Muslim leaders ban church construction in Indonesia: 'Against state regulations'
SURABAYA, Indonesia — Muslims in a village in northeastern Indonesia’s portion of Borneo Island prohibited a church from constructing a worship building, sources said.
Local leaders of Selumit village, in Tarakan City in North Kalimantan Province, stated in a Feb. 28 letter that Mawar Sharon Christian Church’s proposed construction was against state regulations since it would be located amid the predominantly Muslim Tidung tribes, according to news outlet Kayantara.com.
Kristianto Triwibowo S.Pi, coordinator of the Indonesian Christian Student Movement (Gerakan Mahasiswa Kristen Indonesia, or GMKI), Region VI Chapter, reportedly said the ban defies the Indonesian constitution and the country’s philosophy of Pancasila, the government’s guiding policy of unity and social justice for all of Indonesia’s various peoples.
“The state guarantees the right to worship and embrace the religion of all people,” Kristianto said in a press statement on March 7. “Instead of rejecting the services of the Mawar Sharon Church (GMS), which should not happen, we must tolerate each other and maintain diversity.”
The GMKI encouraged the North Kalimantan and Tarakan City governments, along with the Ministry of Religion and various state agencies, to fully protect activities of the church, which is registered with the Ministry of Religion.
Church in Malang
In East Java Province, Malang Regency, a church won the right to continue constructing a building after Muslims in Sumberejo village, Gedangan Sub-District initially prohibited it.
Sumberejo village head Abdul Rohman prohibited the construction of the East Java Christian Church (Gereja Kristen Jawi Wetan, or GKJW) after members of the Sumberejo Nahdlatul Ulama (NU) branch requested a ban in a Jan. 20 letter. The church comprises 20 families, said the chairman of the GKJW Supreme Council, the Rev. Natael Hermawan Prianto.
In the local NU branch’s letter, area Muslims reportedly recommended against construction to maintain “harmonious relationships” and “the comfort and security of the community.”
Pastor Natael, who helped bring together several related parties to resolve the issue, said that talks with the involvement of the Malang Regency Interreligious Communication Forum (Forum Komunikasi Umat Beragama, or FKUB) led to an agreement on March 6 under which residents allowed construction to go forward.
“The church construction will surely be continued,” he told Morning Star News.
Requirements for obtaining permission to build houses of worship in Indonesia are onerous and hamper the establishment of such buildings for Christians and other faiths, rights advocates say. Indonesia’s Joint Ministerial Decree of 2006 makes requirements for obtaining permits nearly impossible for most new churches.

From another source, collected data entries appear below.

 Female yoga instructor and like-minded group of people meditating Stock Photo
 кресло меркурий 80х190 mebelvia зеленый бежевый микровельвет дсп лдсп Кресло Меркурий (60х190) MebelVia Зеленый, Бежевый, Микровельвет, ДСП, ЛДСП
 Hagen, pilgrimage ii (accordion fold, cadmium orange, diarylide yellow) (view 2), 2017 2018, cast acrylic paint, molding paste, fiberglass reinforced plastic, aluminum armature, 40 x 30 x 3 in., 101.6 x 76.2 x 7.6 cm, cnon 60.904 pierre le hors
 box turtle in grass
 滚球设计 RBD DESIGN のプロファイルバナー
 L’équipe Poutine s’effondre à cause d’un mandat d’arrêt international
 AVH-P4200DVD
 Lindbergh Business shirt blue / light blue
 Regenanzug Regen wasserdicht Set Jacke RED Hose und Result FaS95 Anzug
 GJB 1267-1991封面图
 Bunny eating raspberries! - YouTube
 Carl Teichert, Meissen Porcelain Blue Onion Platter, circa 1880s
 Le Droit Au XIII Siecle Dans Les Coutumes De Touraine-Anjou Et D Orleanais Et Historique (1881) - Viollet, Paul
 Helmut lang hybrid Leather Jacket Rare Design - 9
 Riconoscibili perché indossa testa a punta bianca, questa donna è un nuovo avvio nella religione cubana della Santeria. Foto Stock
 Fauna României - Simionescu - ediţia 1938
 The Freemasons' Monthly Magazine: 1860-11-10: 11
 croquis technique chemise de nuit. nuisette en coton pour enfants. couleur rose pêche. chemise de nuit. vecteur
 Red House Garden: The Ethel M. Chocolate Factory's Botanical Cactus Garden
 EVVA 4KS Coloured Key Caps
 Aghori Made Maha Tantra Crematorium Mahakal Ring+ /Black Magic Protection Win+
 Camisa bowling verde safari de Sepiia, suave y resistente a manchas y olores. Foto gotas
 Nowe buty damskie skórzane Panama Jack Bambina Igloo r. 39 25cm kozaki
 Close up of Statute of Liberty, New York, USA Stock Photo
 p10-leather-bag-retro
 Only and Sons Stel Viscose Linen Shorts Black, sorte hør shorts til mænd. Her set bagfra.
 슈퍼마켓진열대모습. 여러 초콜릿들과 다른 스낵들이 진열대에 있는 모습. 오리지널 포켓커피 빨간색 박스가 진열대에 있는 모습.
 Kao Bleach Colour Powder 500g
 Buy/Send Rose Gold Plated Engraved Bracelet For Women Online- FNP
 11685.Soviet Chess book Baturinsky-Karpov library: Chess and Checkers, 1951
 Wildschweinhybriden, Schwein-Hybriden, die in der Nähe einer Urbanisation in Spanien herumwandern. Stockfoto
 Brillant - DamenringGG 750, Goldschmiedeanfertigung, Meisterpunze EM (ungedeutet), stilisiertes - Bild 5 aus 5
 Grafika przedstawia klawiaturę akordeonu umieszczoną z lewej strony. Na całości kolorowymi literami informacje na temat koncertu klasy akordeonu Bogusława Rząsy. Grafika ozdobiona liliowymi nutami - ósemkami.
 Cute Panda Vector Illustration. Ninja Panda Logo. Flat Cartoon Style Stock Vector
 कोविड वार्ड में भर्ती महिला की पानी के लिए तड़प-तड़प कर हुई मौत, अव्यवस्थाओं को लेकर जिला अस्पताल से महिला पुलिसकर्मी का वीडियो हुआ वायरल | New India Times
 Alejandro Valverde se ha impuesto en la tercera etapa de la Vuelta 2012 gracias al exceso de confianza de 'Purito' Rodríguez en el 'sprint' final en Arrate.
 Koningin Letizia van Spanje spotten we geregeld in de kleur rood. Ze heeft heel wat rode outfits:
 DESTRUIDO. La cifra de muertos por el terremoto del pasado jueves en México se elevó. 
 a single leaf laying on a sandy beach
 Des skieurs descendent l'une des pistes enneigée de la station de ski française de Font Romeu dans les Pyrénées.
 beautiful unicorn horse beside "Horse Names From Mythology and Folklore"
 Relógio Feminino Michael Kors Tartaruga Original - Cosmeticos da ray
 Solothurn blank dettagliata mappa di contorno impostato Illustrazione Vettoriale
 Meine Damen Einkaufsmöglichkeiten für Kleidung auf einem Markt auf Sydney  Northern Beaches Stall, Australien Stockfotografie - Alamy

Even when small, new churches are able to meet the requirement of obtaining 90 signatures of approval from congregation members and 60 from area households of different religions, they are often met with delays or lack of response from officials. Well-organized radical Muslims secretly mobilize outside people to intimidate and pressure members of minority faiths.
Indonesia ranked 33rd on Christian support organization Open Doors’ 2023 World Watch List of the 50 countries where it is most difficult to be a Christian. Indonesian society has adopted a more conservative Islamic character, and churches involved in evangelistic outreach are at risk of being targeted by Islamic extremist groups, according to Open Doors’ WWL report.
“If a church is seen to be preaching and spreading the Gospel, they soon run into opposition from Islamic extremist groups, especially in rural areas,” the report noted. “In some regions of Indonesia, non-traditional churches struggle to get permission for church buildings, with the authorities often ignoring their paperwork.”